When he started fucking me, it was about trying to cause me as much pain as possible, but then his cock got involved and from the minute he started fisting his hard length, all he was thinking about was having sex with a girl. My brain is shutting down because I know he is going to do this and there is going to be no coming back for me. I have been screaming for help for what feels like forever and nobody is coming. This is going to happen and I have to work out a way to get out of this intact. Do I keep fighting right until I can't fight anymore, or do I close off my mind and just let it happen? Which one will leave me the most whole at the end?

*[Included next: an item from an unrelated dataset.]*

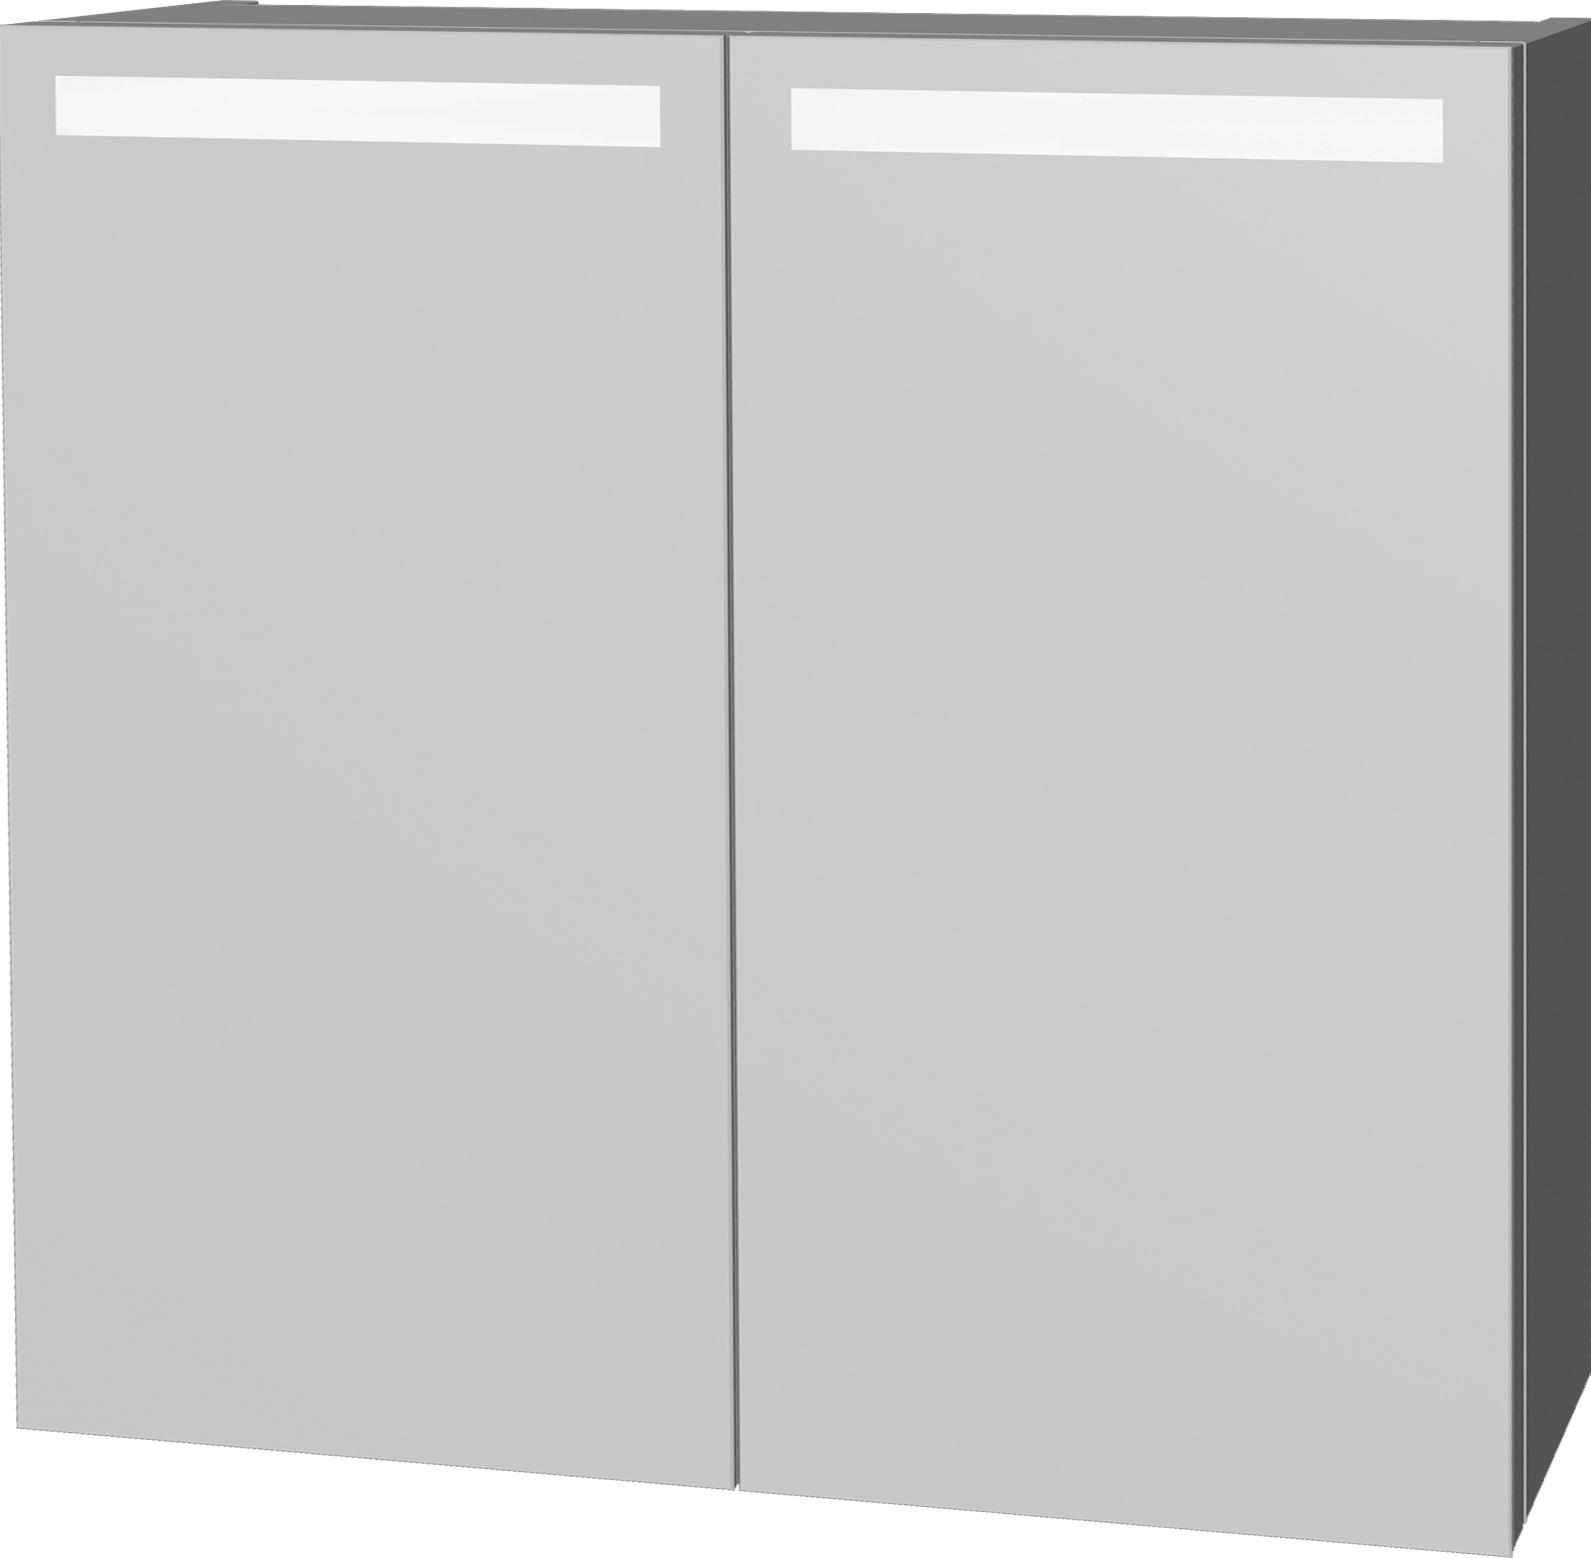 Intedoor Zrcadlová skříňka 70x72 cm, s osvětlením DZS70
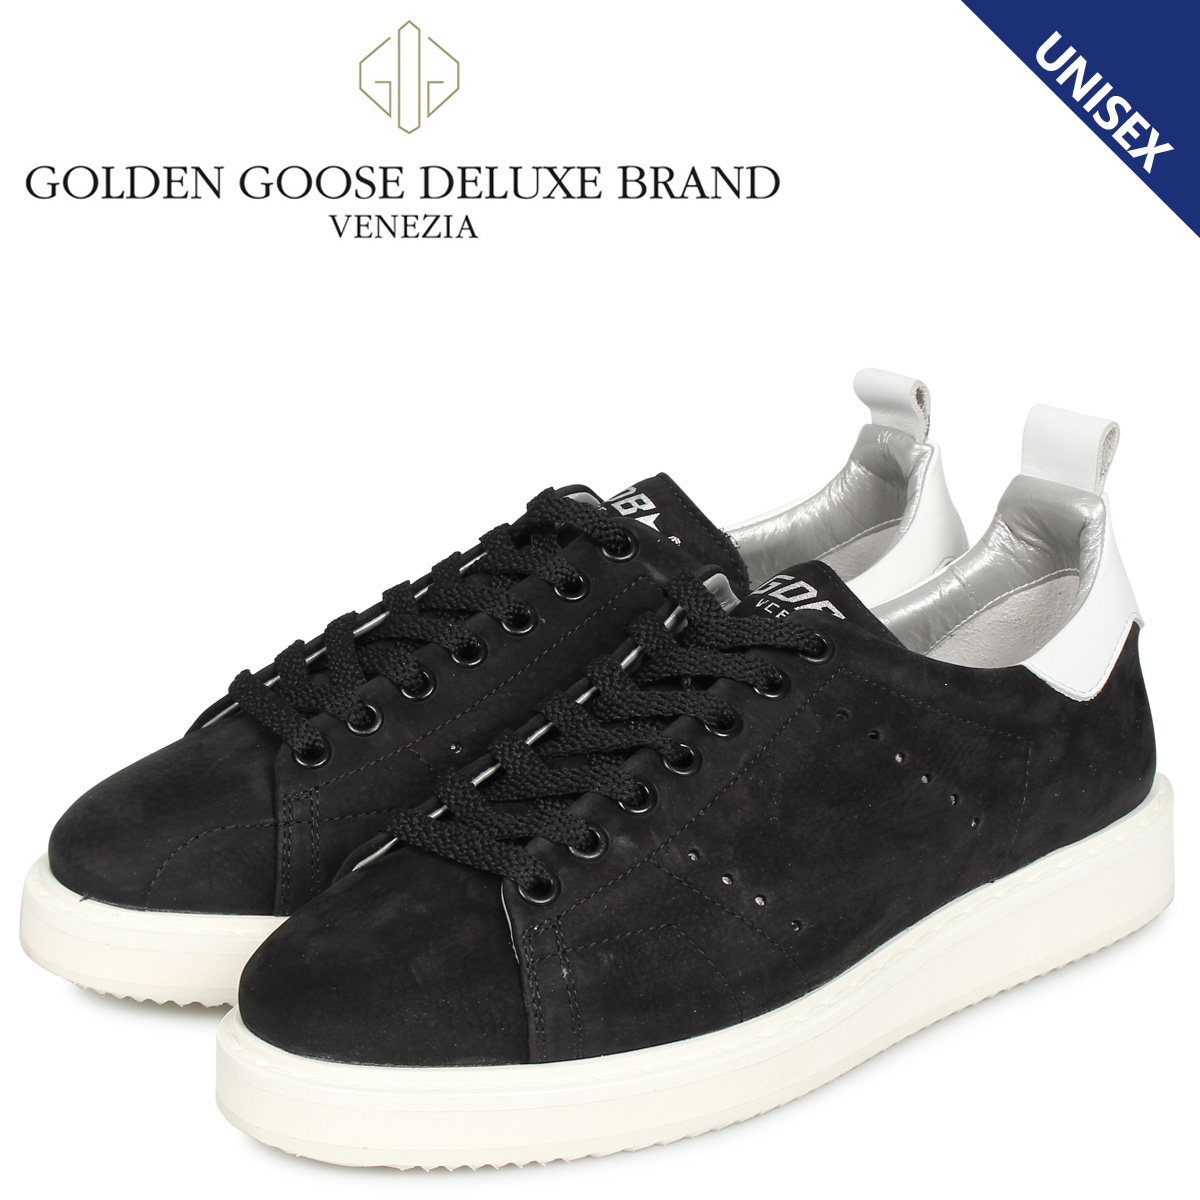 Golden Goose ゴールデングース スターター スニーカー メンズ レディース STARTER ブラック 黒 G35WS631 R1

After a few seconds, I decide that I am not the sort of girl who gives up. I tried playing the perfect wife to Grant and that isn’t what he wants. He wants to destroy me, that’s how he wins. If I just lay here and let him do what he wants to me, that would be him winning and he can fuck right off if he thinks that is the case. As I am making this realisation, I can feel the wet tip of his penis sliding up and down the length of my folds and circling around my clit. I bite down on my tongue to stop the instinctual moan that is desperately trying to break free. I bite down so hard, the familiar coppery taste of blood fills my mouth but I feel a sense of confidence because I am fighting.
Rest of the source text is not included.